'''

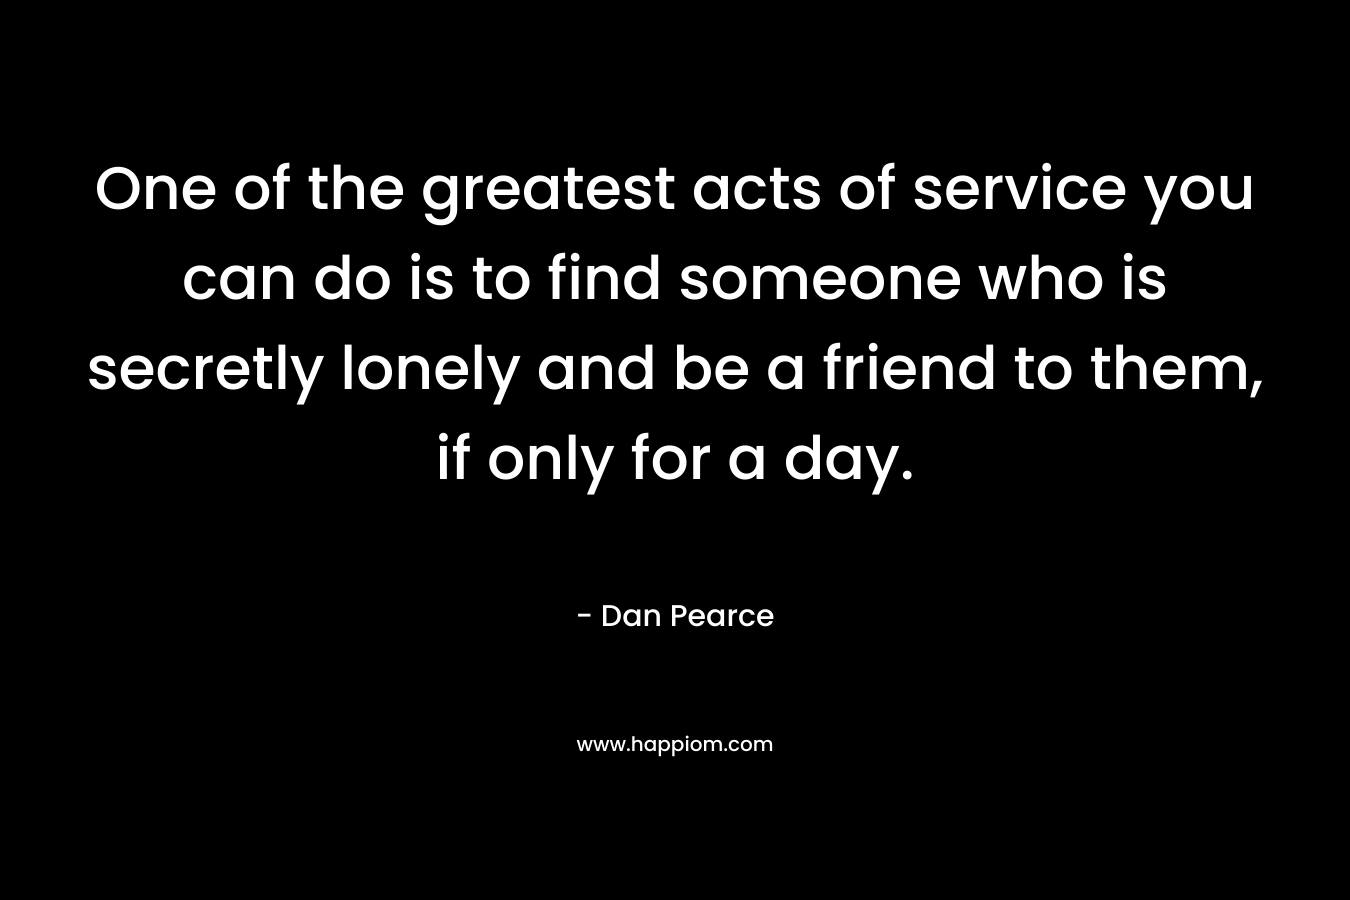 One of the greatest acts of service you can do is to find someone who is secretly lonely and be a friend to them, if only for a day.
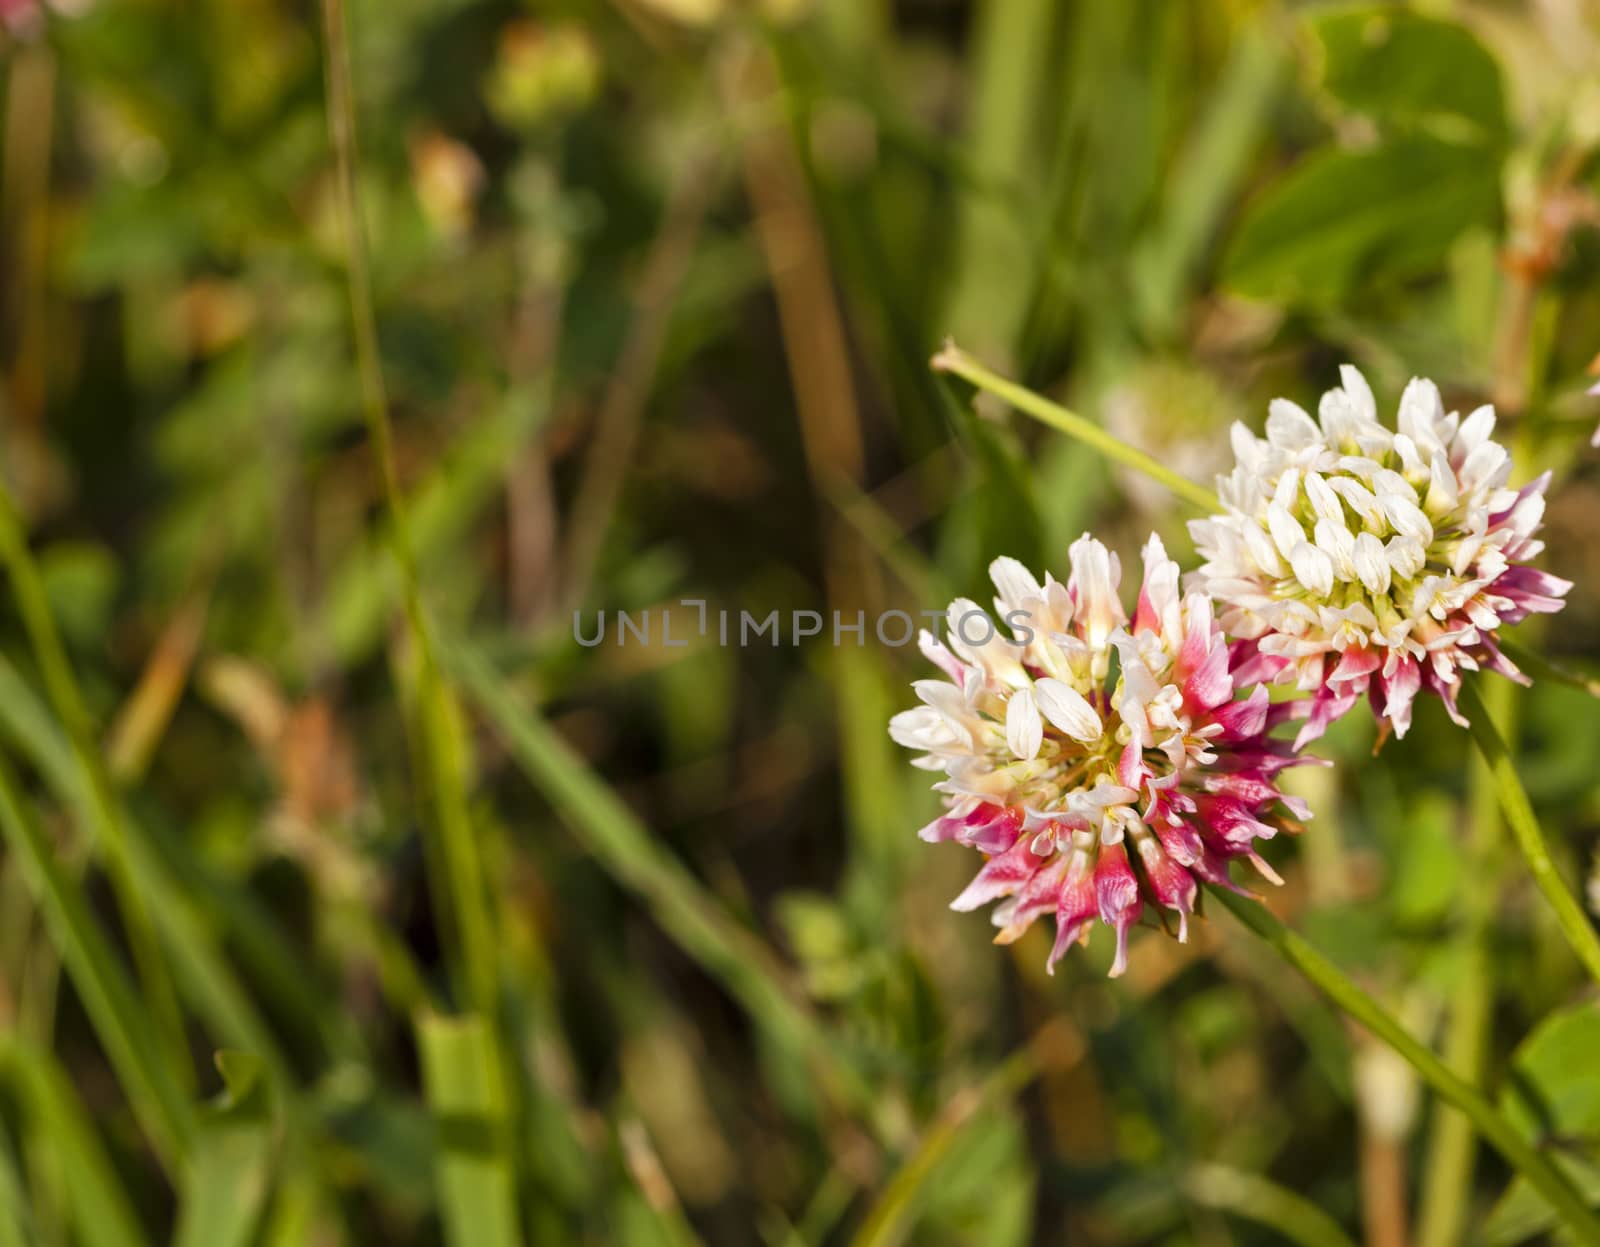   the flowers of a clover photographed by a close up. spring season
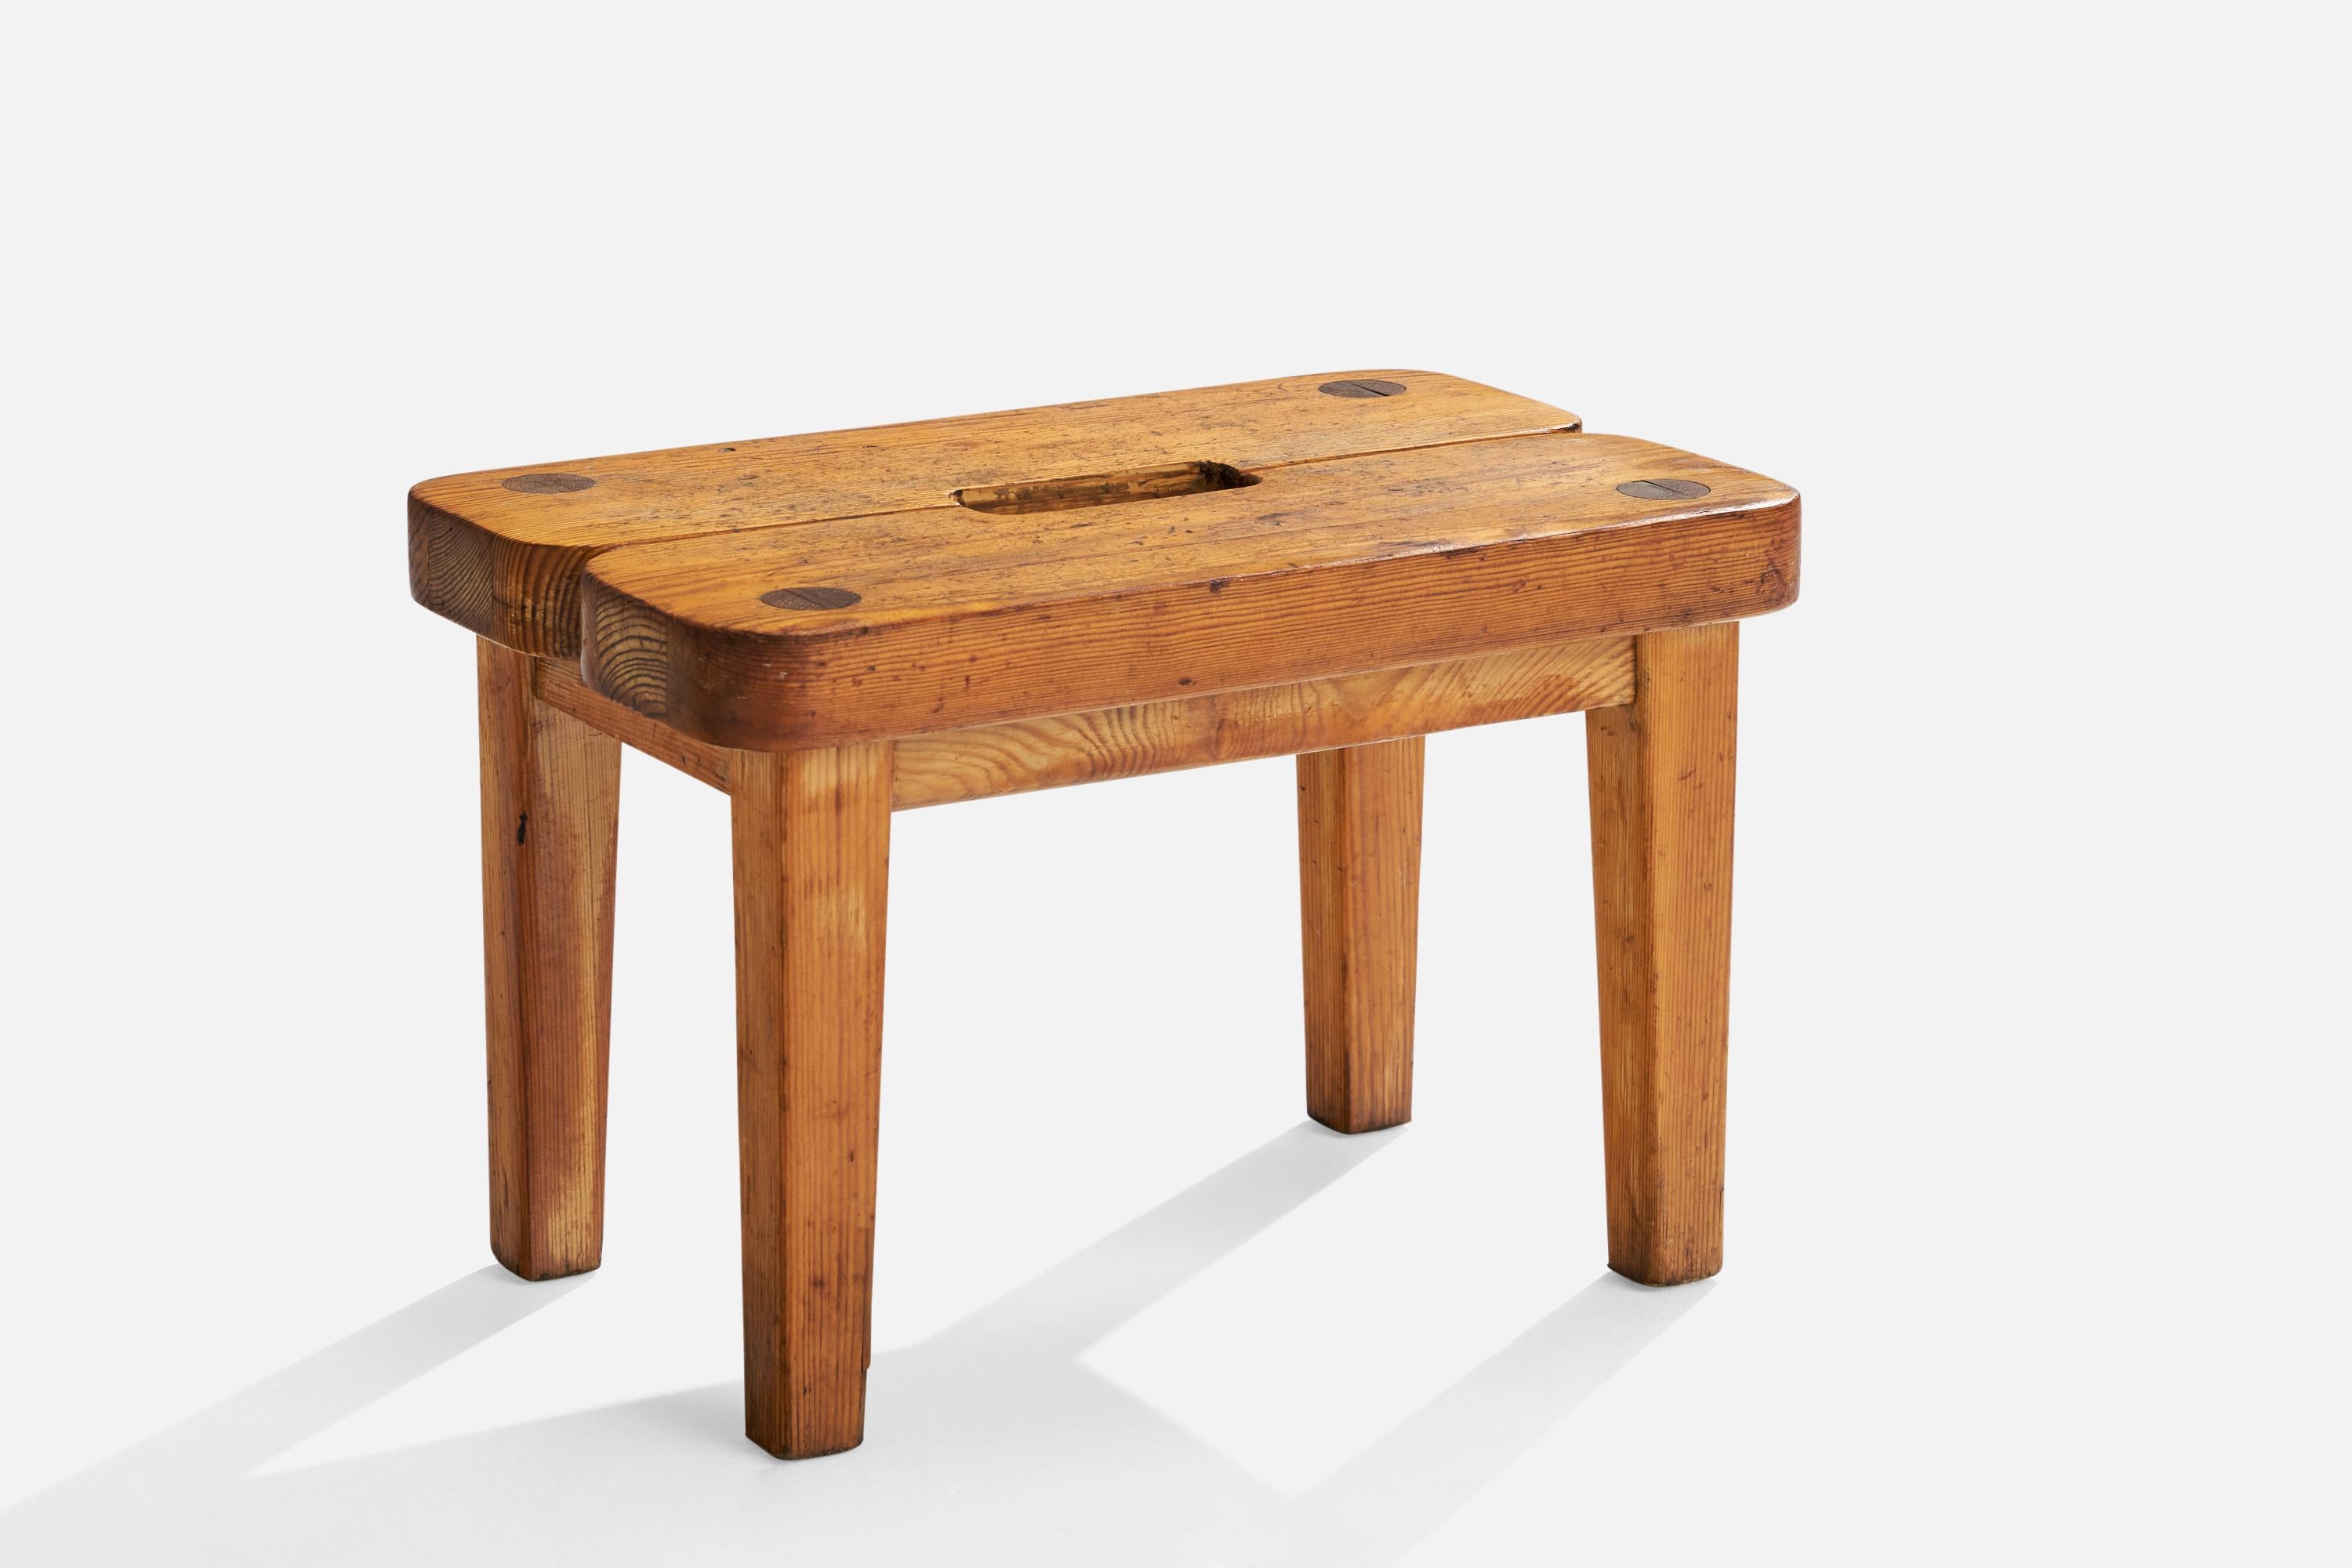 A small pine stool designed and produced in Sweden, 1940s.

seat height 10.5”
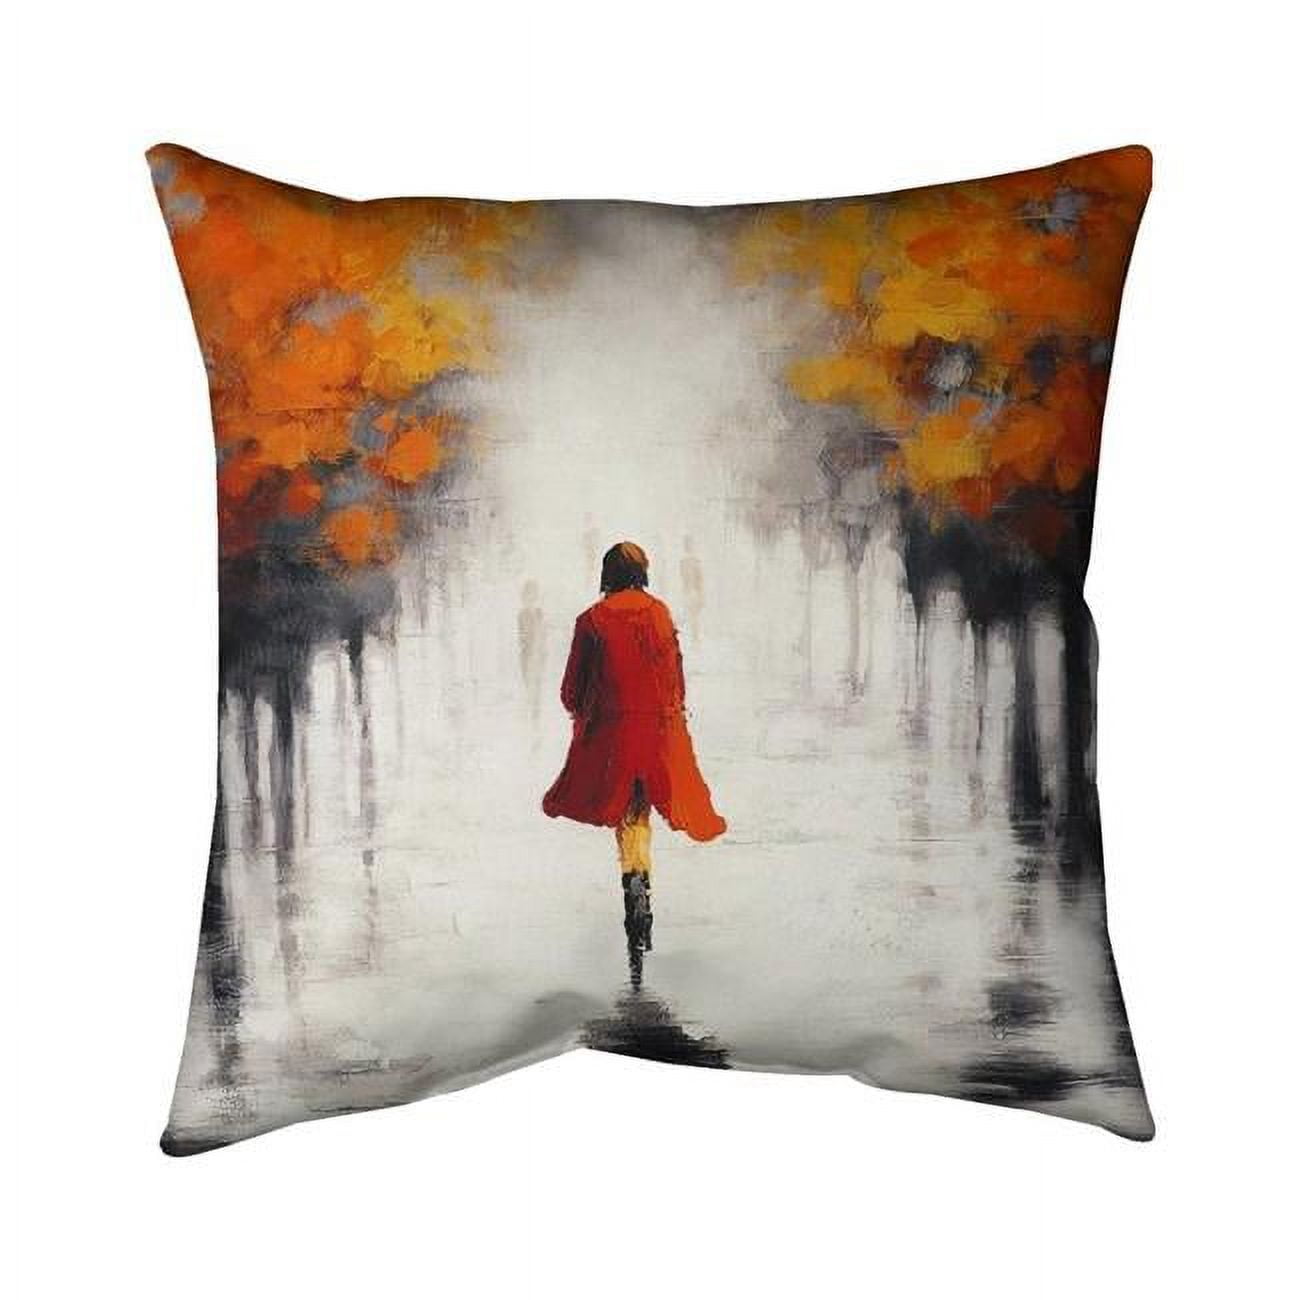 Fondo 20 x 20 in. Woman with A Red Coat by Fall-Double Sided Print Outdoor Pillow Cover

'''

TASK TO COMPLETE: Retype the listing above exactly, pictures excluded.

OUTPUT:
 One of the greatest acts of service you can do is to find someone who is secretly lonely and be a friend to them, if only for a day.
   the flowers of a clover photographed by a close up. spring season
 A small pine stool designed and produced in Sweden, 1940s.

seat height 10.5”
 Fondo 20 x 20 in. Woman with A Red Coat by Fall-Double Sided Print Outdoor Pillow Cover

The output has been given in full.